Supplied material:
+===+
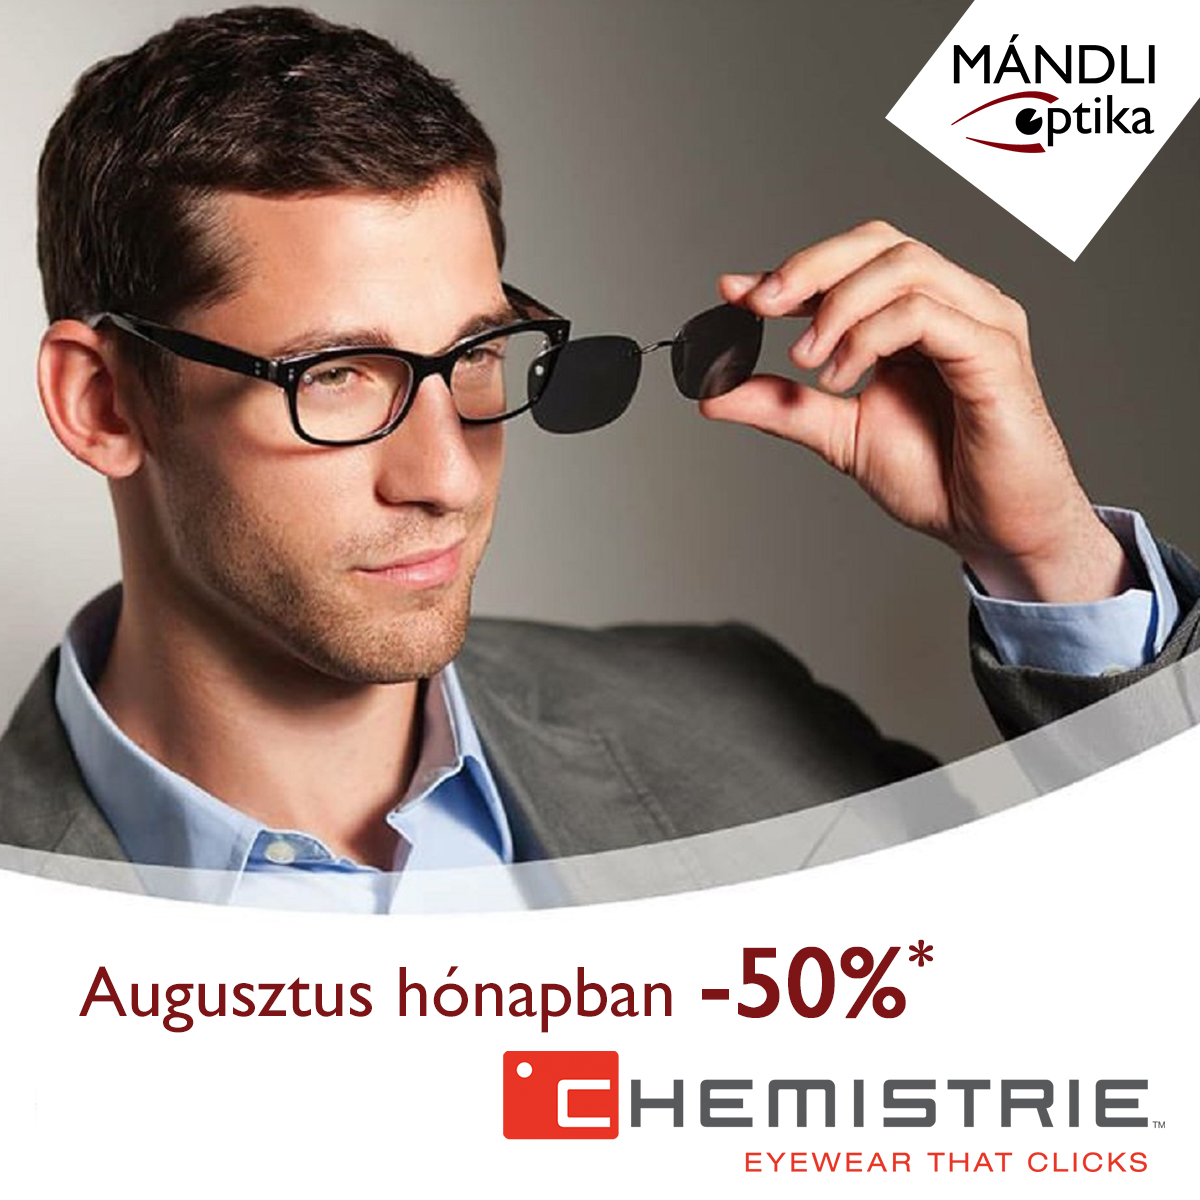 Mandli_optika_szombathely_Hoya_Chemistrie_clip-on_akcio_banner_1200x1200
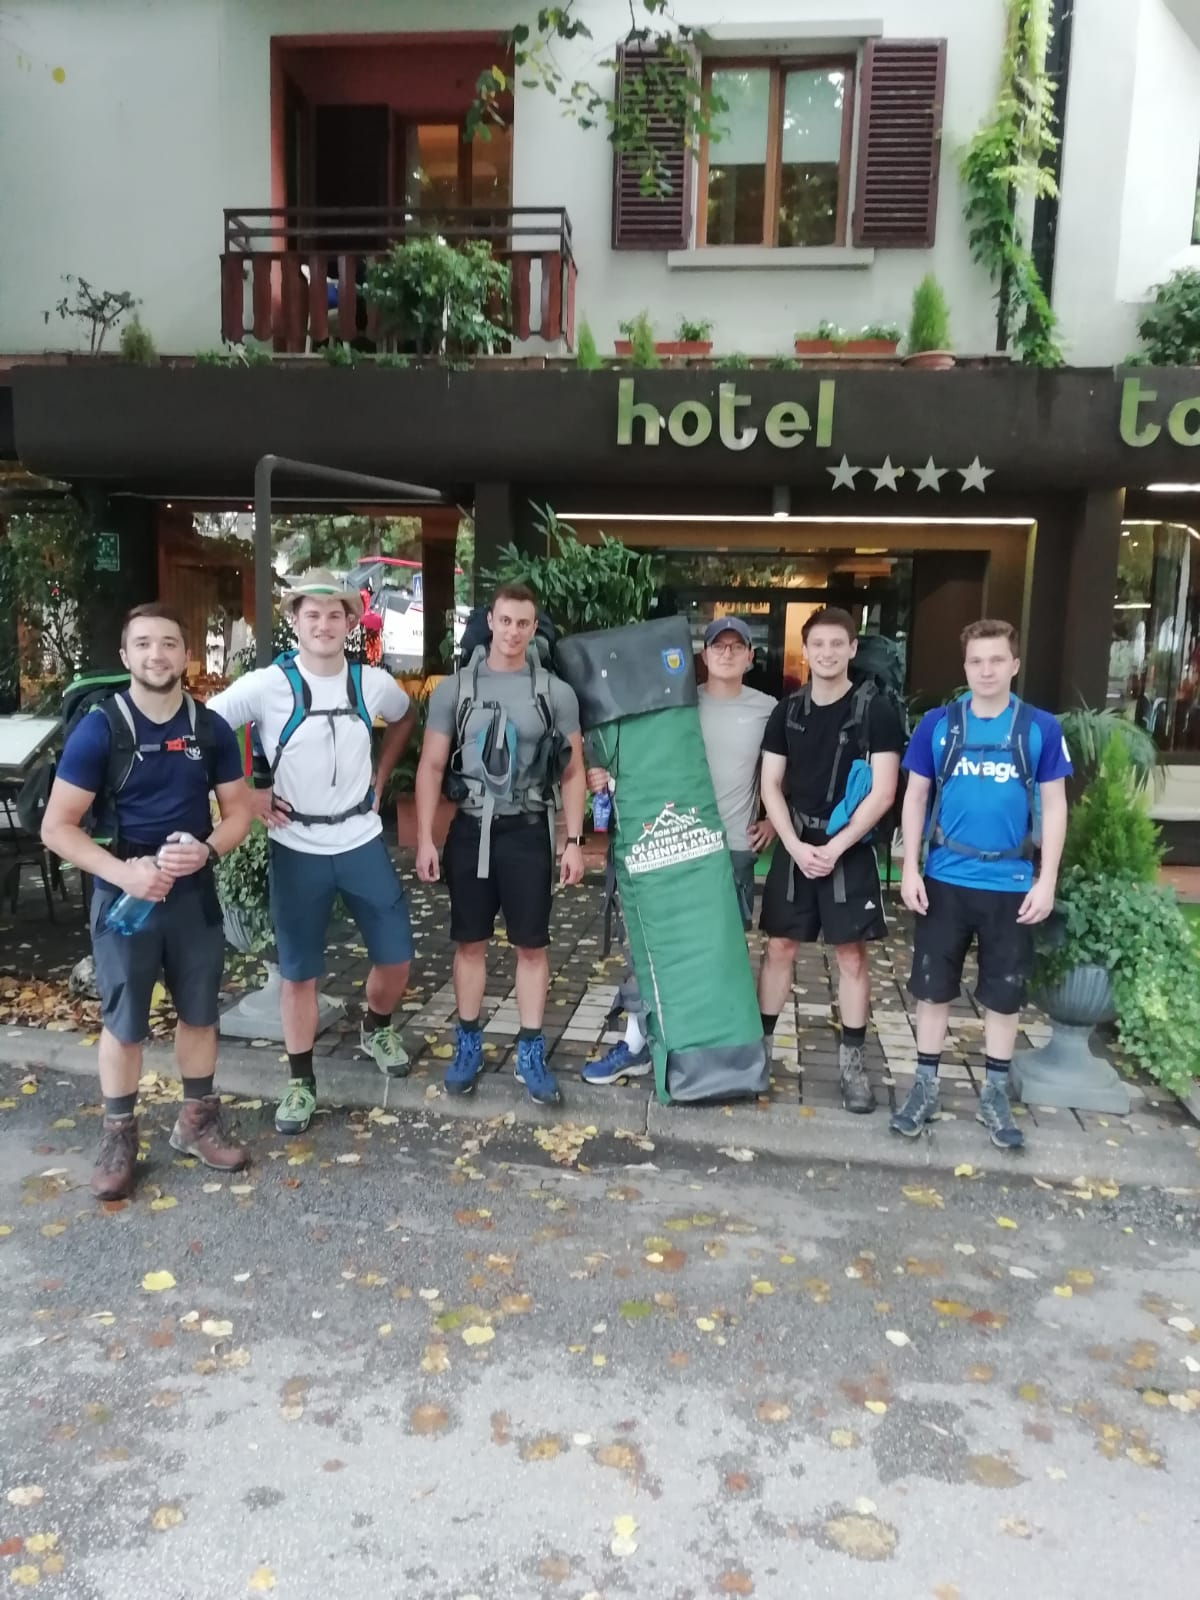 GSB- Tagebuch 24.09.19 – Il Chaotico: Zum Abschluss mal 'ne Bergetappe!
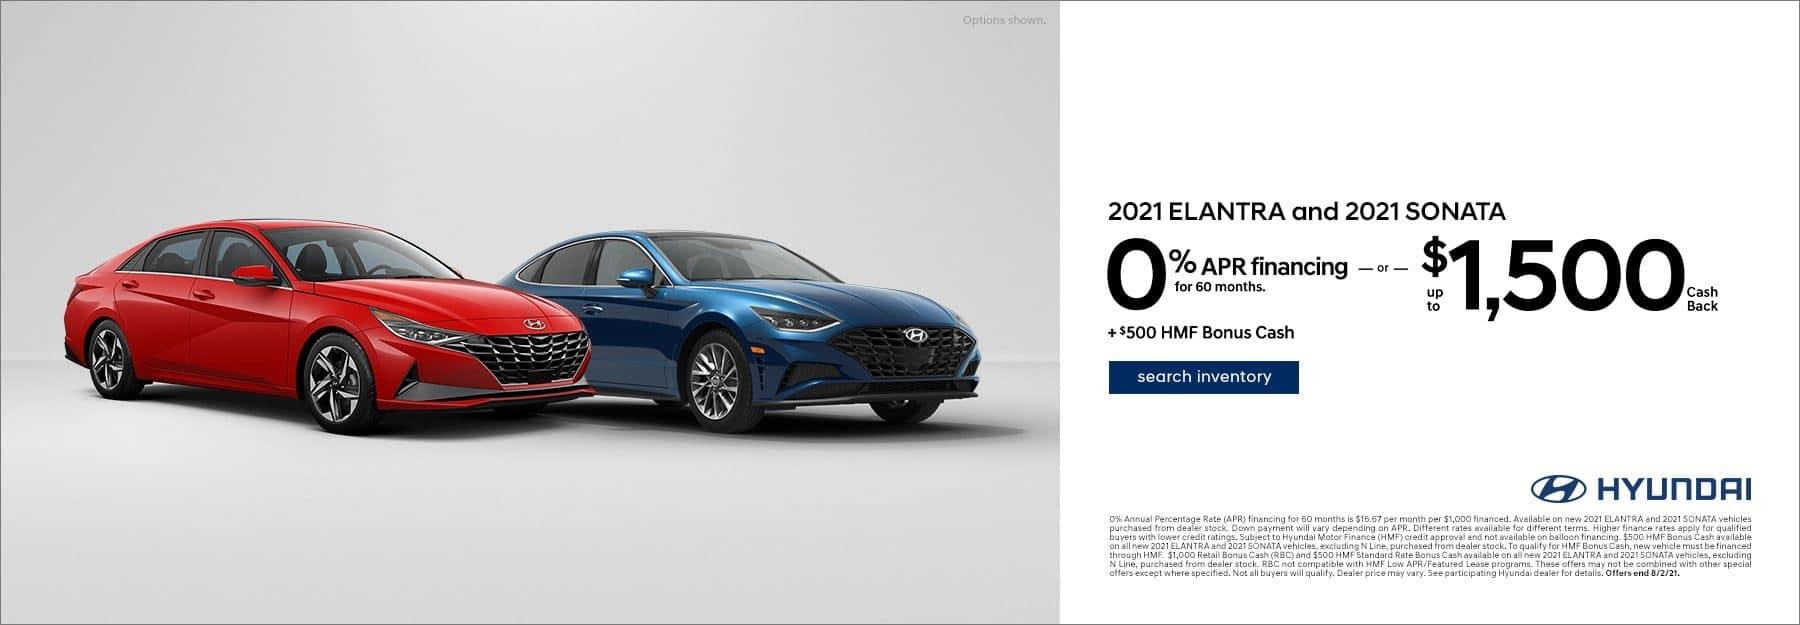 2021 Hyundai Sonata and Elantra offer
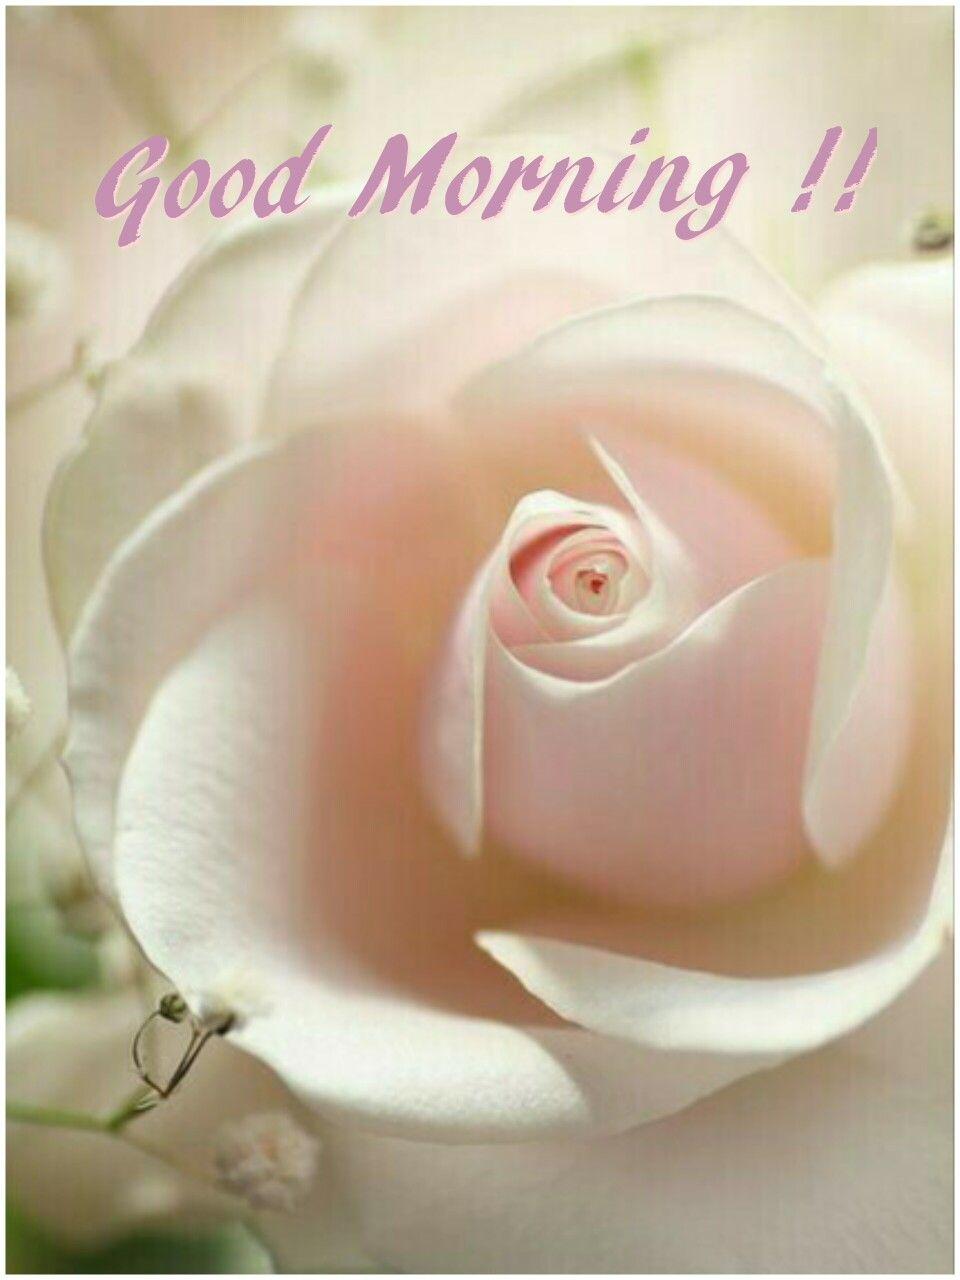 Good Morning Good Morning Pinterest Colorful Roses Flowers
+===+
Exercise: Your answer should copy the listing word for word, with no pictures in it.

Output of the exercise:
 Mandli_optika_szombathely_Hoya_Chemistrie_clip-on_akcio_banner_1200x1200
 GSB- Tagebuch 24.09.19 – Il Chaotico: Zum Abschluss mal 'ne Bergetappe!
 2021 Hyundai Sonata and Elantra offer
 Good Morning Good Morning Pinterest Colorful Roses Flowers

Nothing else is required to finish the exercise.